Keywords: Incremental learning, naive bayes classifier, number of lobes, white blood cells classification
INTRODUCTION
Over the years, information derived from the White Blood Cell (WBC) differential count has become a cornerstone in Laboratory Hematology and is widely used for screening, case finding, diagnosis, and monitoring of hematological and non-hematological disorders. Human blood consists of five types of white blood cells, namely, Neutrophils (40-60%), Lymphocytes (20-40%), Monocytes (2-8%), Eosinophils (1-4%), and Basophils (0.5-1%).
The WBC differential count is considered to yield clinically relevant information in health and disease.[1] For example, excess of lymphocytes may be caused due to Lymphocytic Leukemia.[2] High Eosinophil and Monocyte count is usually an indicator of bacterial infection in the body.[3] Thus, the WBC count is an important and useful measure, which indicates the health status of the body.
In a typical pathology laboratory, two types of blood counts are performed, namely Complete Blood Count (CBC) and Differential Blood Count (DBC). The CBC is performed using an instrument called the cytometer, based on the principle of ‘flow cytometry’.[4] On the other hand, in DBC, an expert would count 100 WBCs (all categories) on the blood stain slides and compute the percentage occurrence of each type of WBC. The DBC is a much more reliable count than the CBC. However, manual annotation of the WBCs is considered to be an imprecise technique, because of the massive data and tedious nature of the task.[5]
There were a few efforts in the past to automate the solution to this problem. Earlier, Ongun et al.,[6] and Ramesh et al.,[7] had also proposed an automatic DBC system. In the scheme suggested by them, the WBCs were segmented by applying active contours or color-based segmentation. Various geometric and texture features were used by them for classification. Apart from this, several attempts were made in the past for the segmentation of WBCs, such as, the Teager Energy-Based Segmentation by Kumar et al.,[8] and the Watershed Algorithm by Jiang et al.,[9] Rezatofighi et al.,[10] introduced a method based on the orthogonality theory and the Gram-Schmidt process for segmenting the WBC nuclei.

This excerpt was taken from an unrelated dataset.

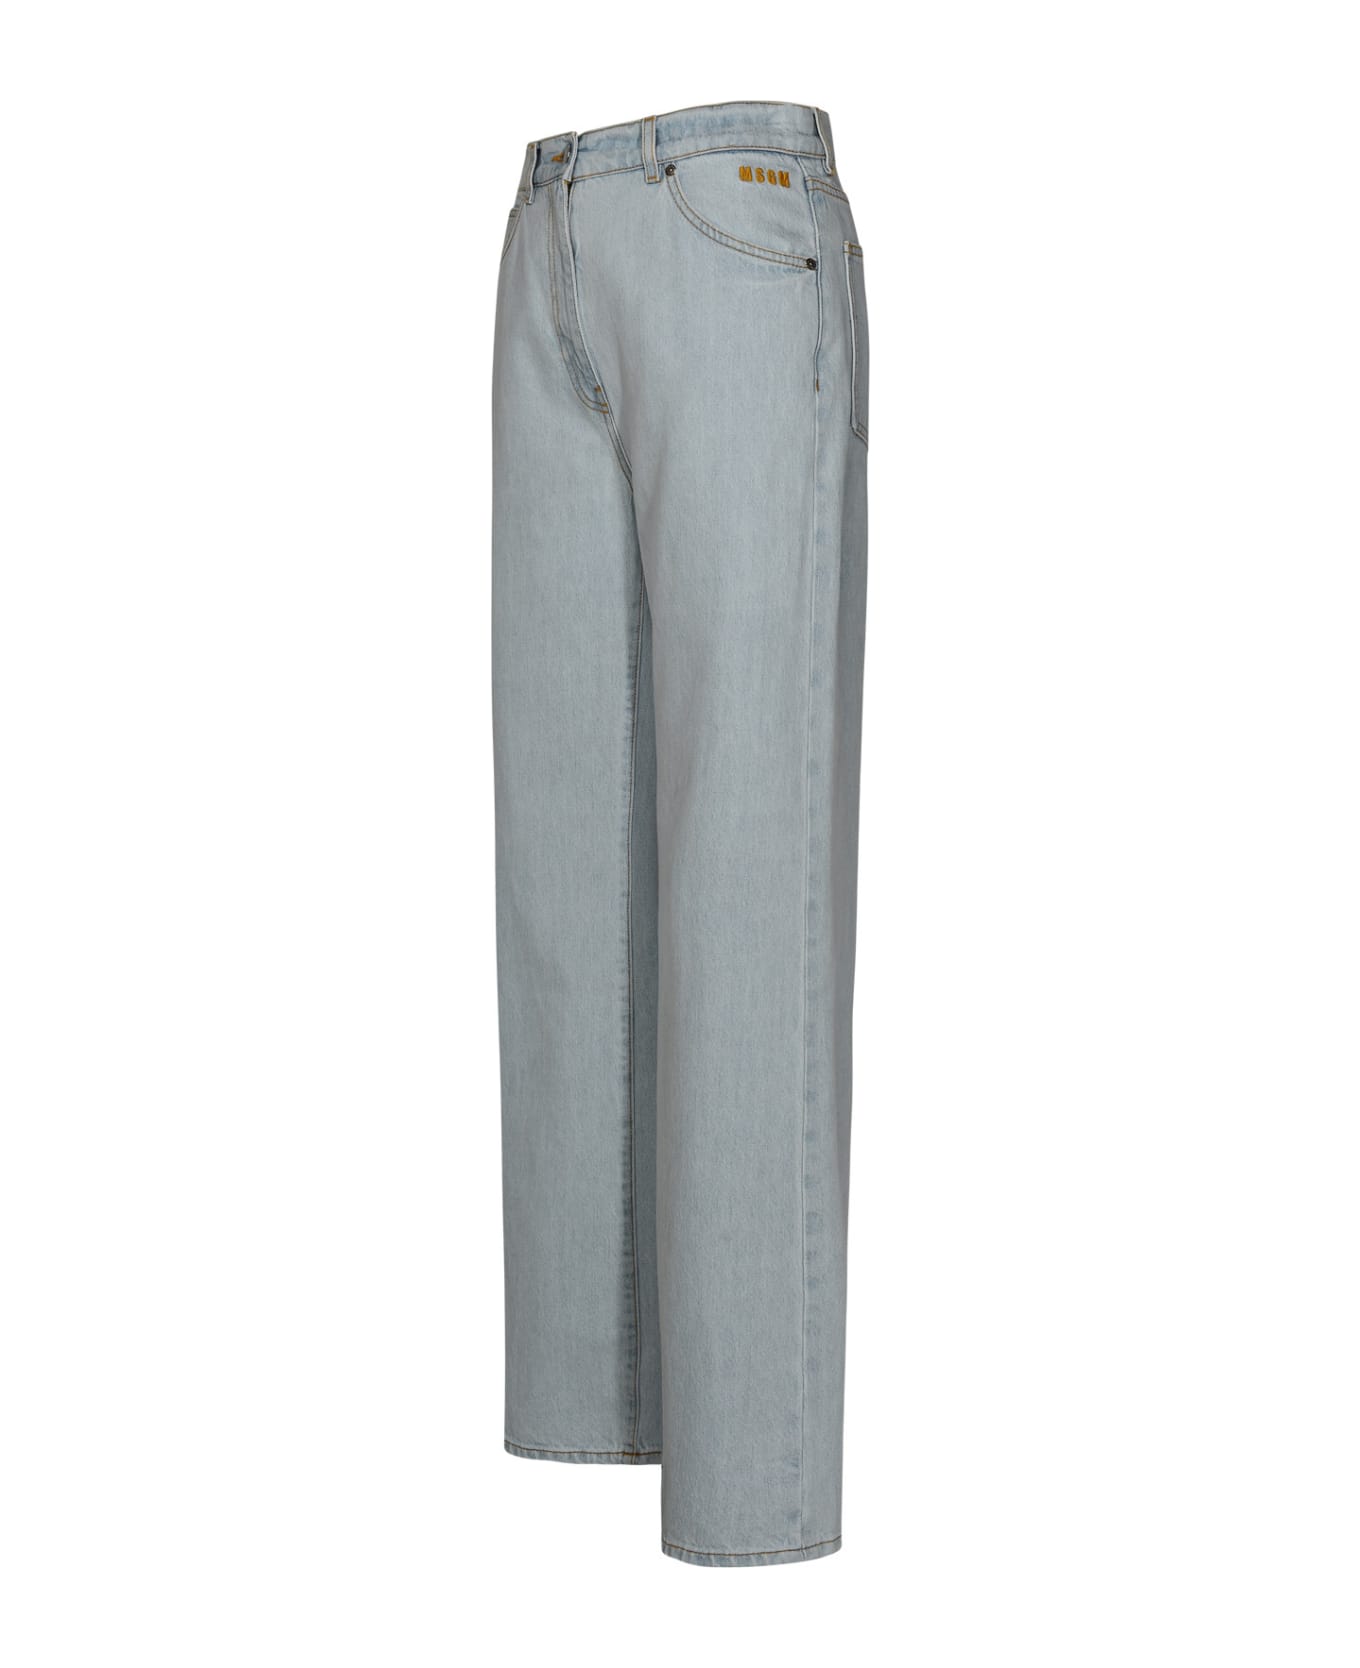 MSGM Flared Buttoned Jeans - Light Blue
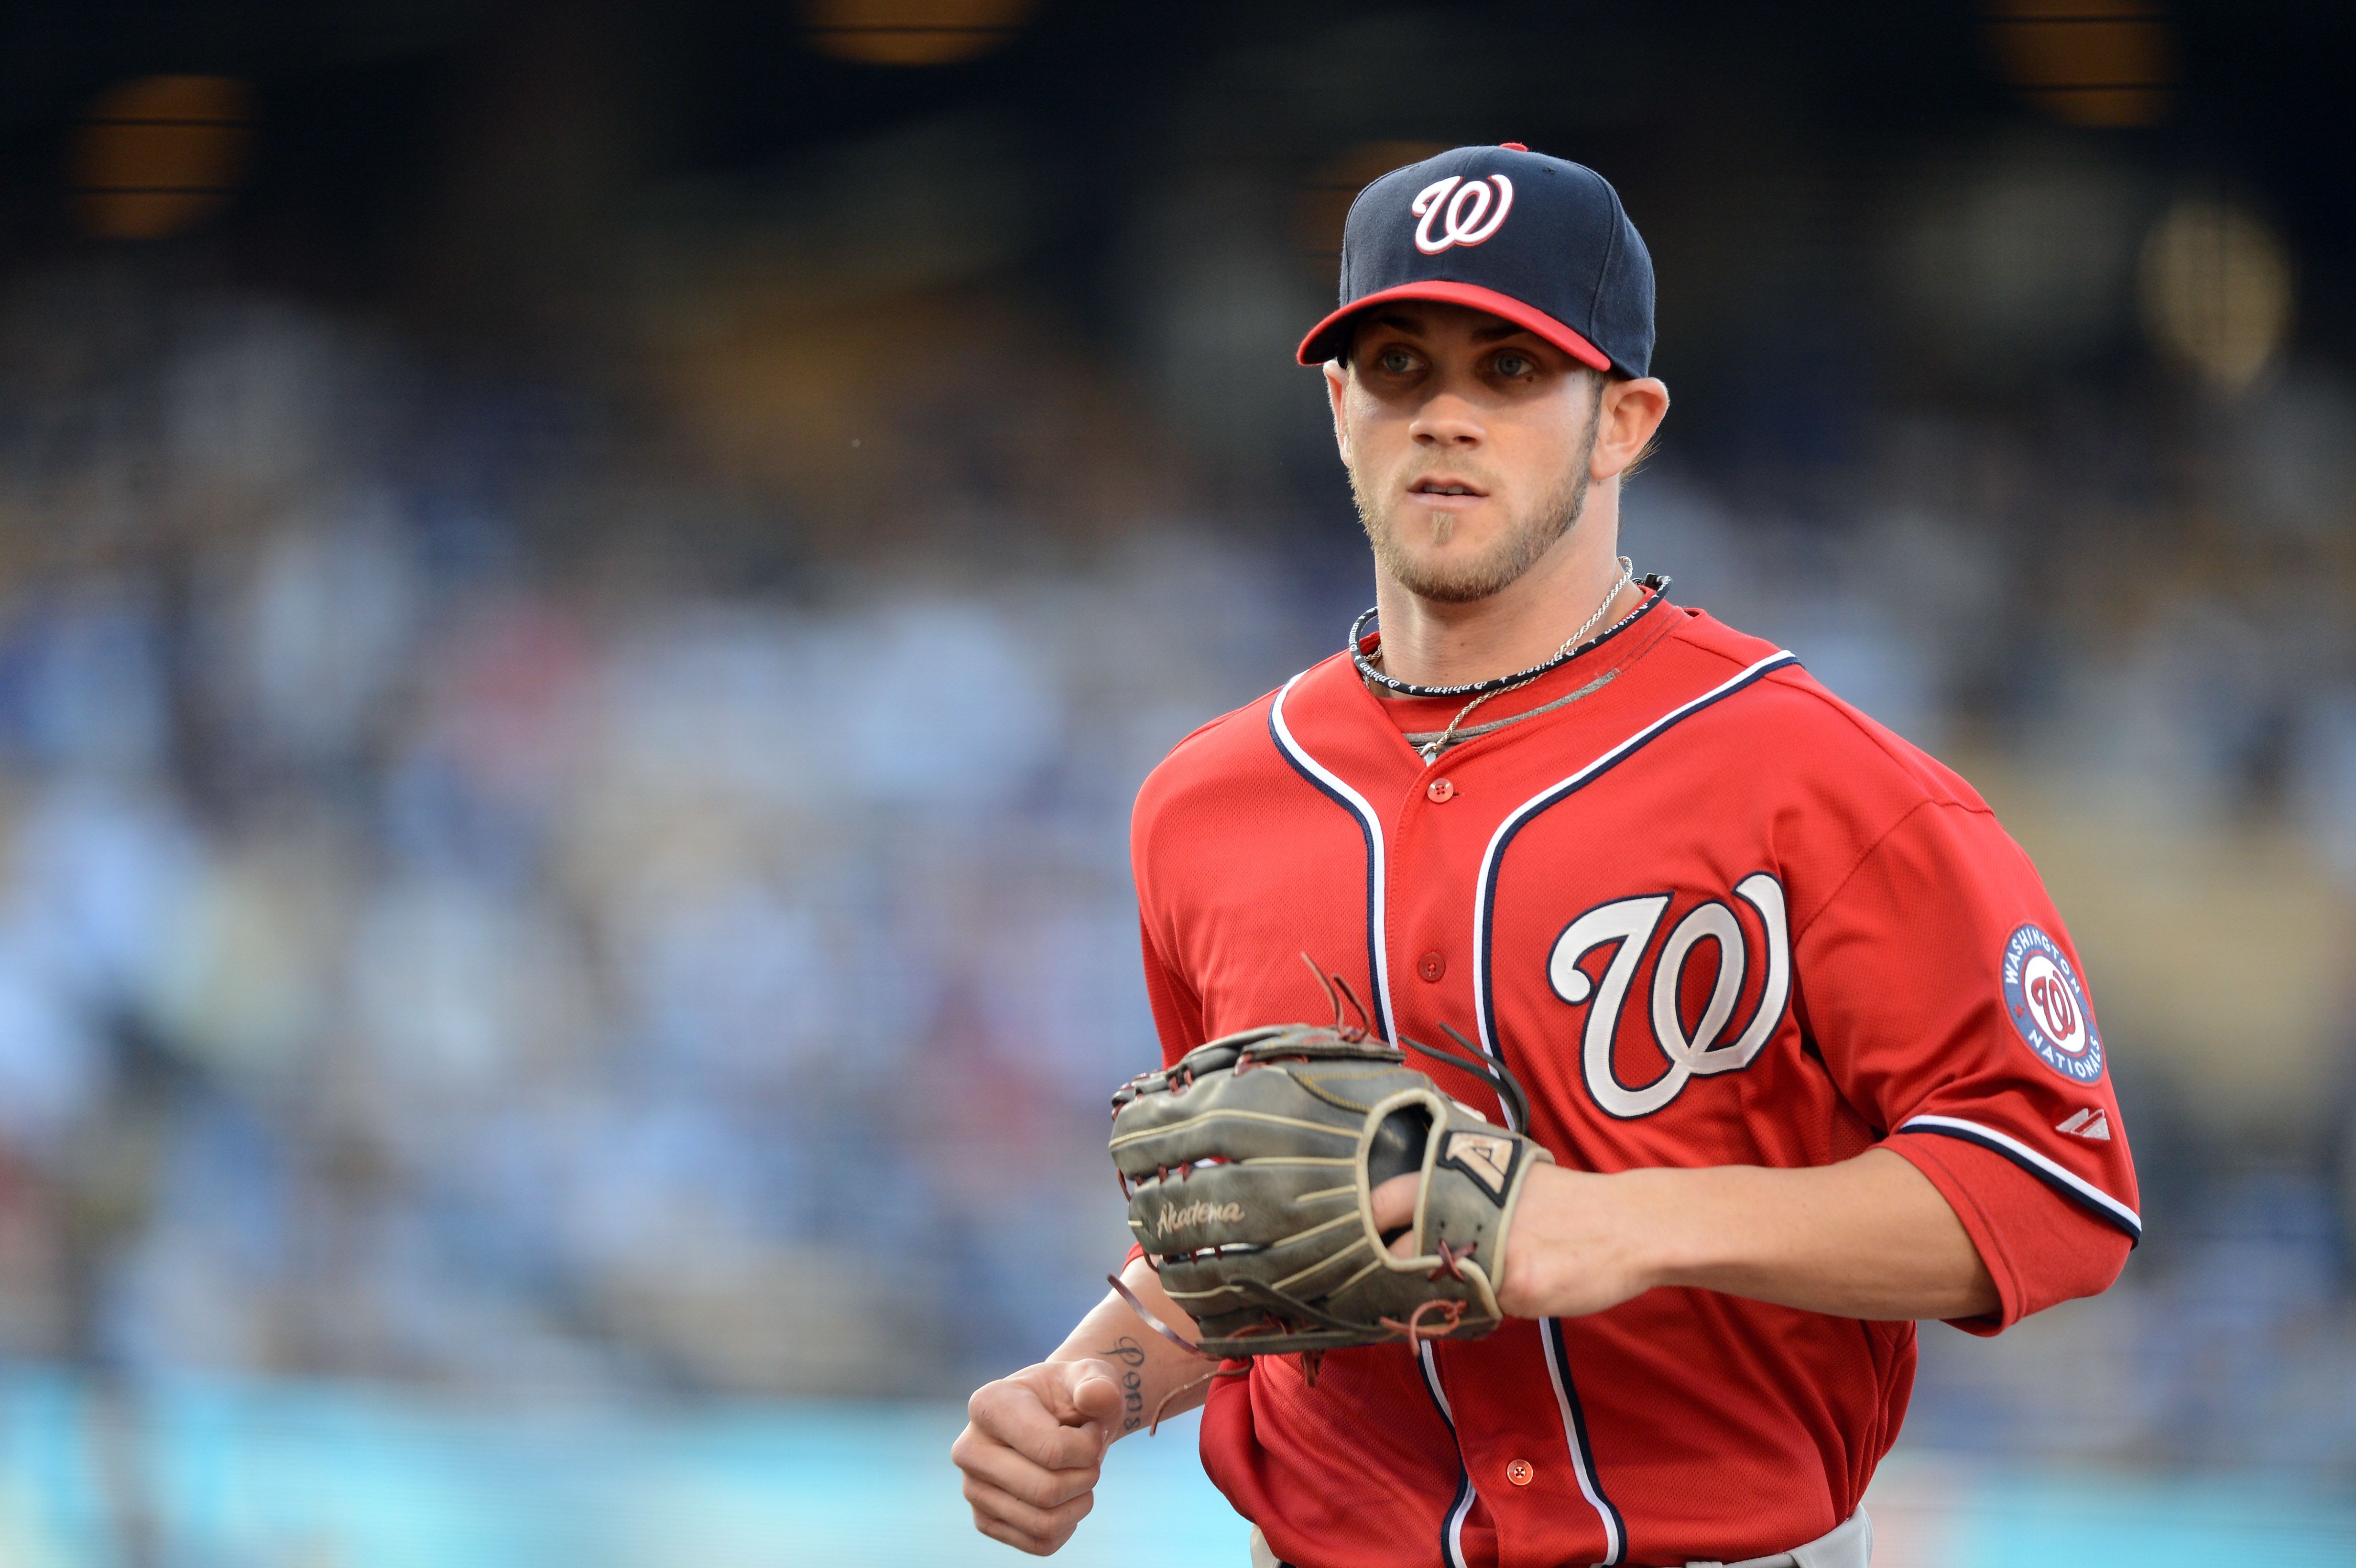 Harper and Nationals bring baseball hope to D.C.

In the opinion of the authors of this article, the previous studies on automation of differential WBC count have not laid emphasis on the development of a fast, parallel, and scalable system. A really fast system is needed, as the number of DBCs a pathology laboratory handles is enormous. This study focuses on building an automatic computer system for performing DBC on digitized peripheral blood stain images. We propose a scheme based on the Bayesian classifier that learns incrementally and that can be embedded inside a database system like MySQL, to create a feasible framework for the development of a scalable learning system.
MATERIALS AND METHODS
Dataset Description
The image dataset used in this process was generated by the digitization of peripheral blood stain slides. The slides used here were Leishman stained.[11] This section describes the process of preparation of the slide. The slides were air dried and thereafter flooded with the Leishman's stain. The stain formulation included methanol, which fixed the cell. The slides were held for two to three minutes before diluting the solution with an equal amount of buffered water at pH 6.8. The water was added slowly with a plastic Pasteur pipette. Such slides were then left to hold for about 12 minutes. The appearance of polychromatic ‘scum’ on the surface of the slides was merely a result of oxidation of the dye components and could be ignored. Following this, the excess stain was washed off with slow running water and the slides were flooded with buffered water at pH 6.8 for another minute. The digitized images of the stained blood smear slide were then captured by using a whole slide scanner at 40X magnification. The images of all the five types of WBCs, as obtained from the scanner, are shown in Figure 1. The dataset is available for download at http://autodbc.wordpress.com/.
System Design
The system comprises of the following modules: (1) Stain Normalization, (2) WBC Segmentation, (3) Feature Extraction, and (4) Classification using Naive Bayes Classifier. Each of these has been discussed in the subsequent subsections.
Stain Normalization
For a scalable system, it is necessary for the segmentation to be consistent for a large image dataset. In order to devise a robust segmentation technique, independent of staining in the images, it is essential to stain normalize the images before the segmentation step.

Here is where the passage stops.